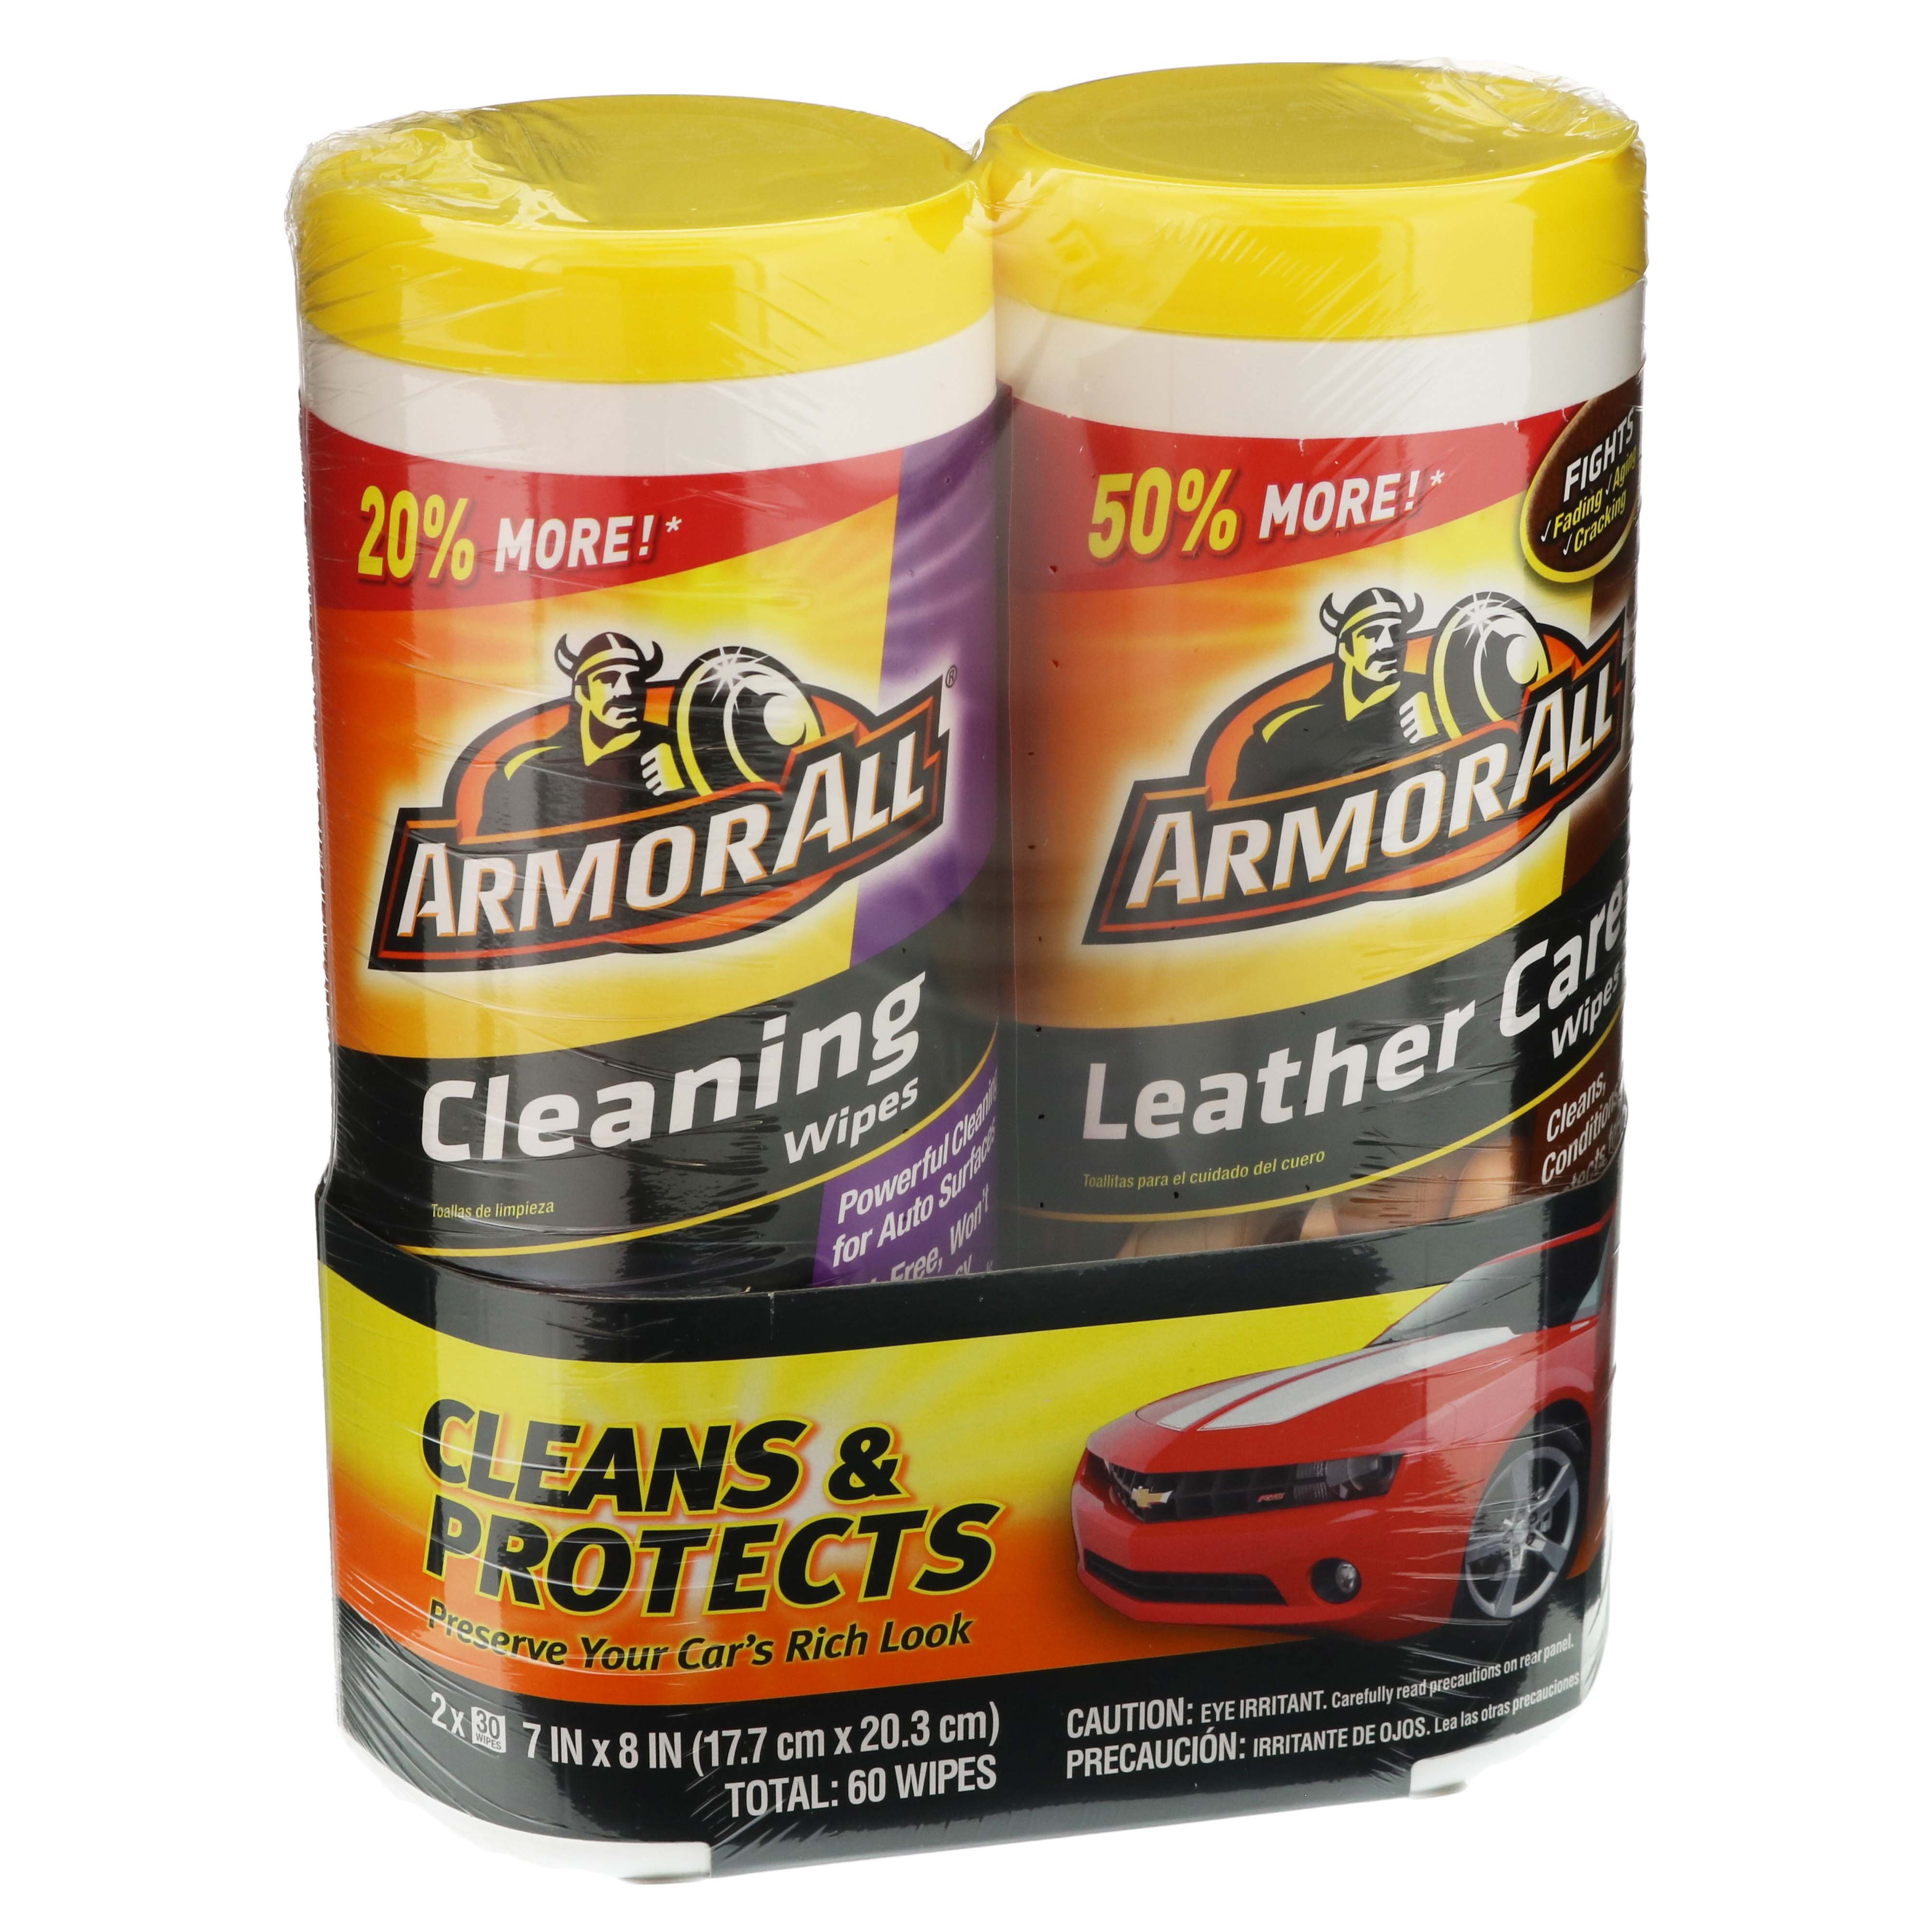 Armor All Leather Care Wipes
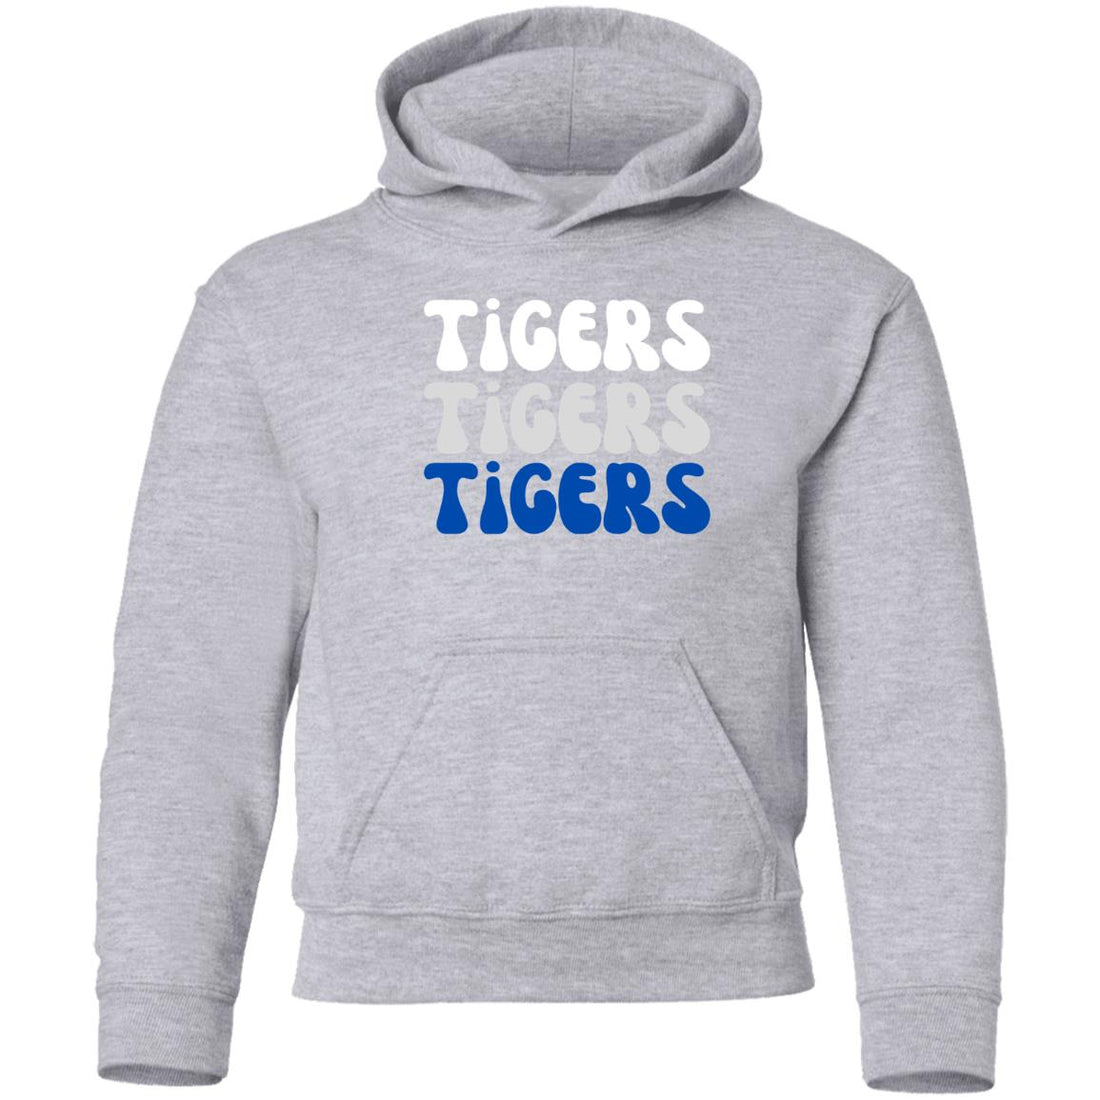 St. John/Hudson Tigers Youth Hoodies - Positively Sassy
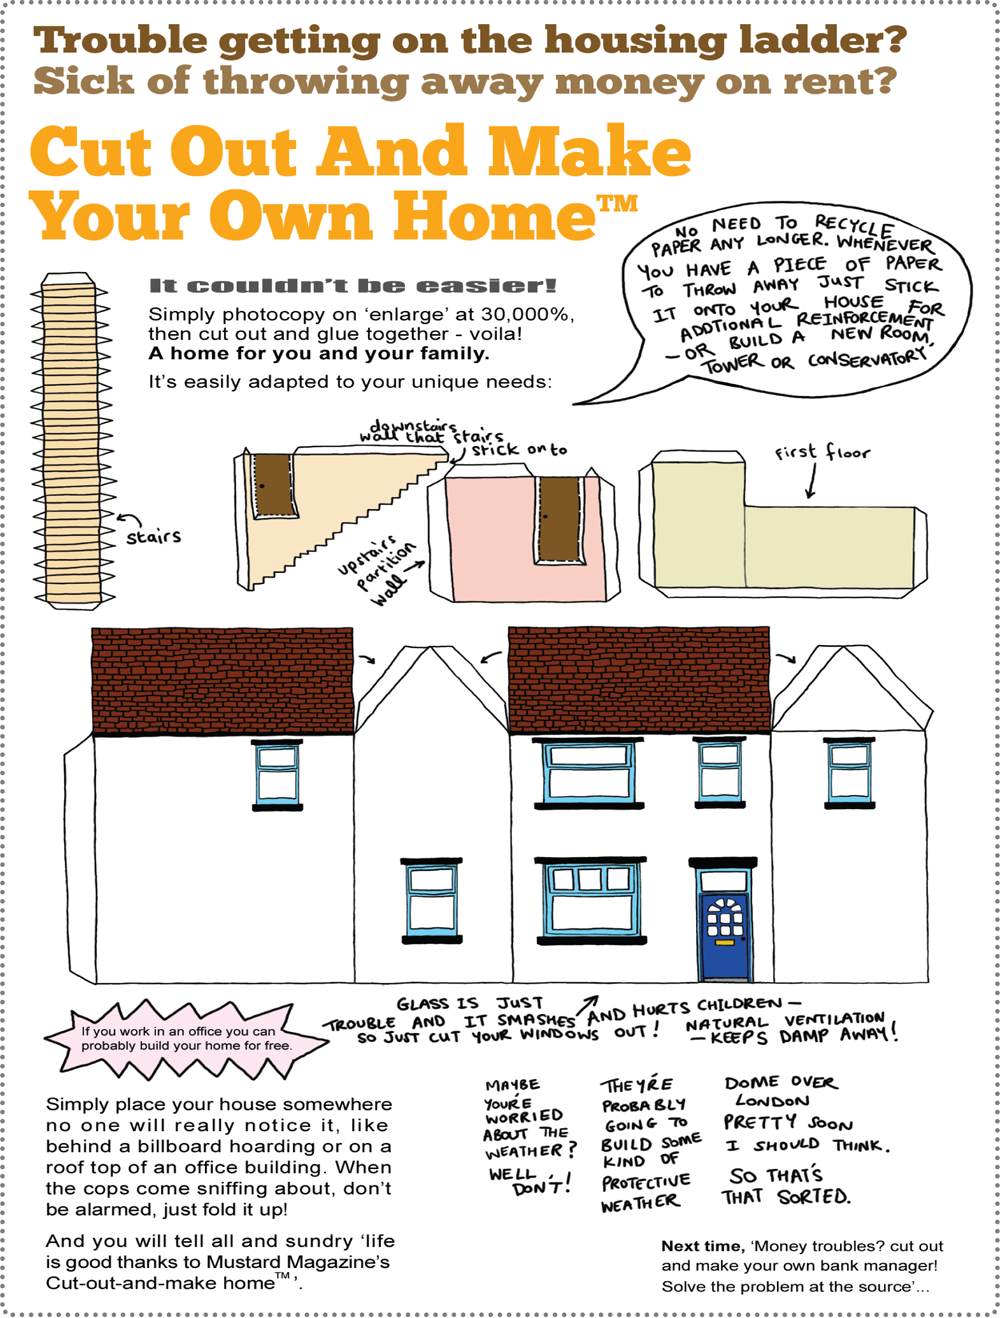 Cut Out and Make Your Own Home

Work instructions :: Copy each line above exactly. Images do not belong in the copy.

Finished exercise ::
 Armor All Leather Care Wipes
 St. John/Hudson Tigers Youth Hoodies - Positively Sassy
 Cut Out and Make Your Own Home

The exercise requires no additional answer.